As mentioned last week, this year’s Symposium on Simulation for Architecture and Urban Design (SimAUD) was held on Friday and Saturday of last week (with some pre-conference workshops on the Thursday).
Autodesk has supported SimAUD since its inception – in fact a number of the people who started the conference were working for Autodesk Research at the time – and we continue to be a proud sponsor of the event, I’m pleased to say. It’s great that our sponsorship helped this year’s SimAUD be free to attend, as it encouraged record numbers of registrants (500+!) and attendees.
If you weren’t able to attend, then not to worry: the whole event was live-streamed on YouTube and you can catch up on all the non-social sessions from there. In fact that’s a large part of what I’ve been doing today and expect to continue doing tomorrow.

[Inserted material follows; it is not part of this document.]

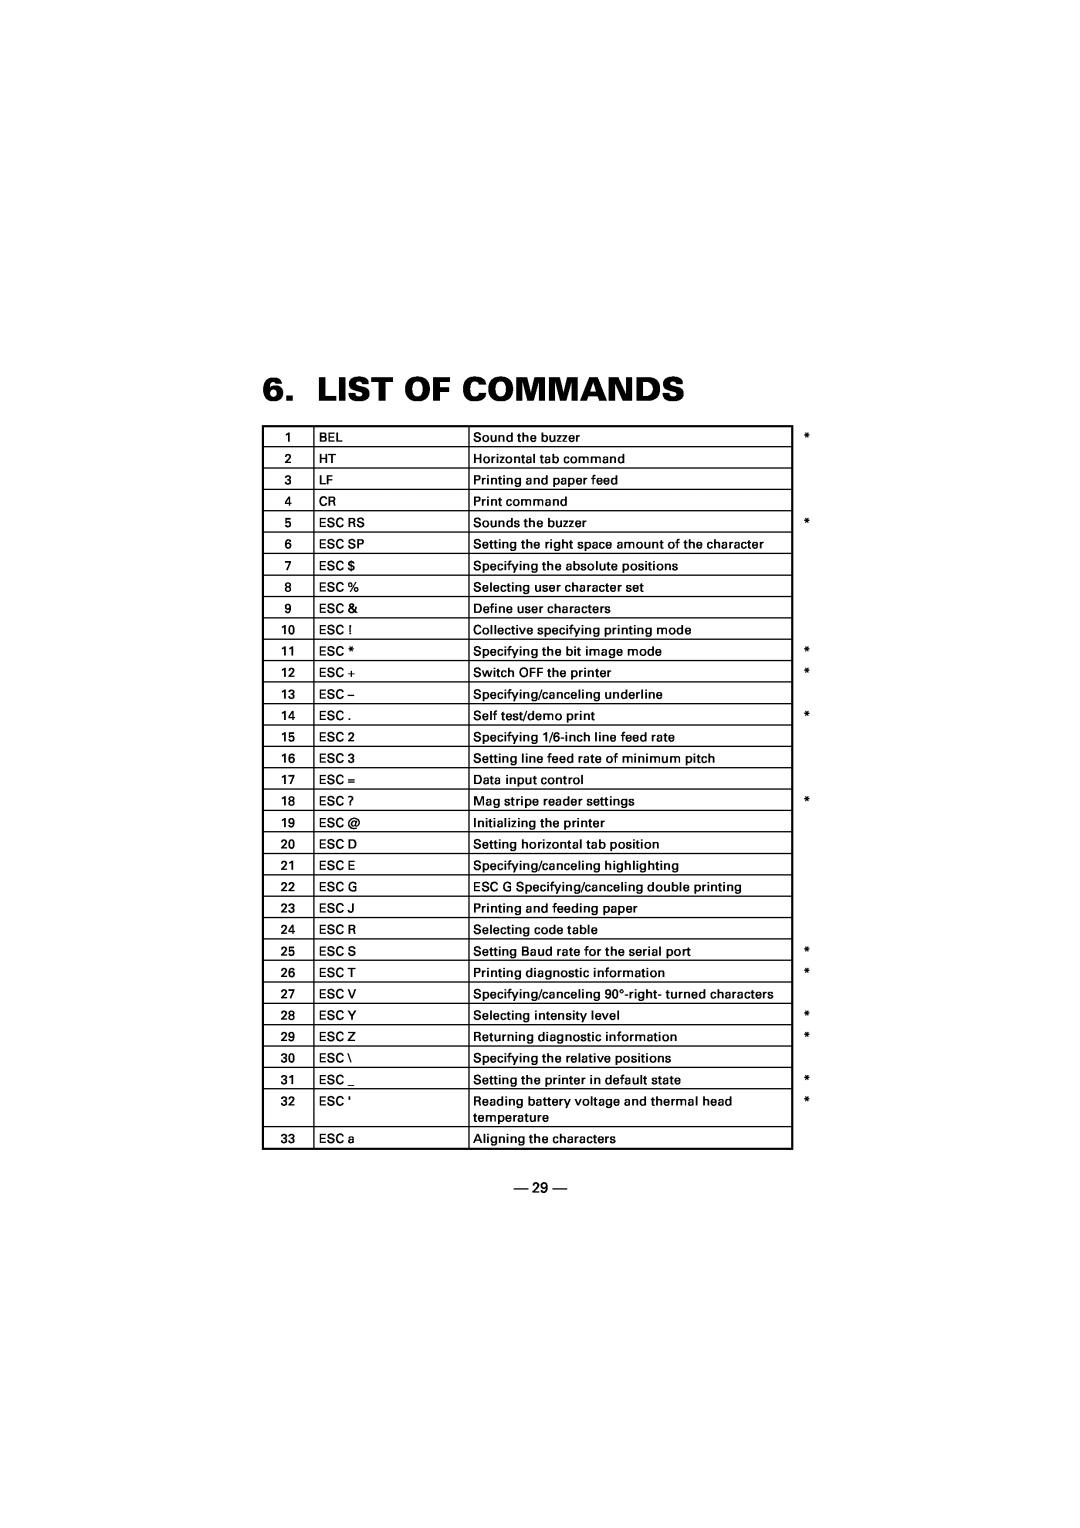 Citizen Systems CMP-10 manual List Of Commands 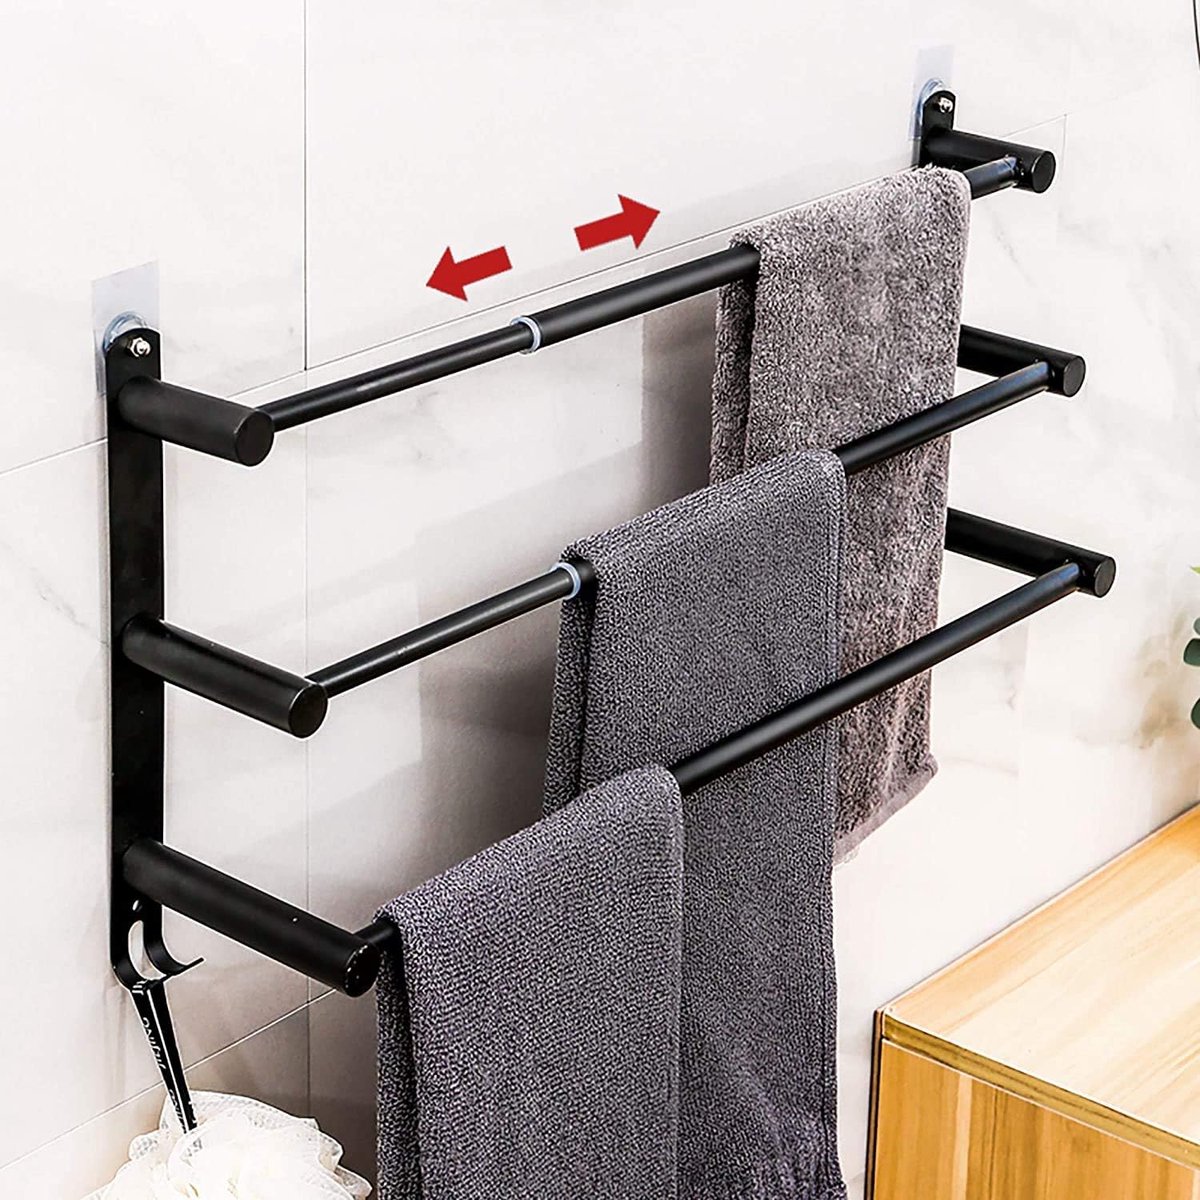 Towel Rail Extendible 43-78 cm Stainless Steel No Drilling Towel Rail Wall Shelf Suitable for Bathroom Kitchen Bath Towel Holder (Black 3-Layer)

As it’s a little tricky to find the recordings of the sessions you’re interested in (you can see the program here, in case), I decided to go through and link to the relevant locations in the live-stream(s) from a blog post. This one, obviously. ;-)
- Day 1
- Opening
- Keynote by Sabine Rau-Oberhuber
- S1: ML/AI & Physics
- S2: Urban-Scale Modelling, Generation & Visualization
- Keynote by Upali Nanda
- S3: (Day)Lighting
- S4: ML/AI & Physics
- S5: Urban-Scale Modelling & Visualization
- Keynote by Burcin Becerik-Gerber and Dan Sullivan
- S6: AR & VR
- Day 2
Here are the two uber-videos embedded, in case you really want to watch the whole 19+ hours of content from beginning to end to get the full SimAUD experience:
Day 1
Day 2
While I wasn’t able to attend much of the event live – the timing didn’t work very well for me, being based in Europe and having existing weekend plans – I did manage to join a couple of the social sessions on Thursday and Saturday.
The organisers are a great bunch of people, so it’s always a pleasure to hang out with them. In fact, this is one of the conferences I’m really looking forward to seeing become physical again, if only for the social interactions. Next year, I hope!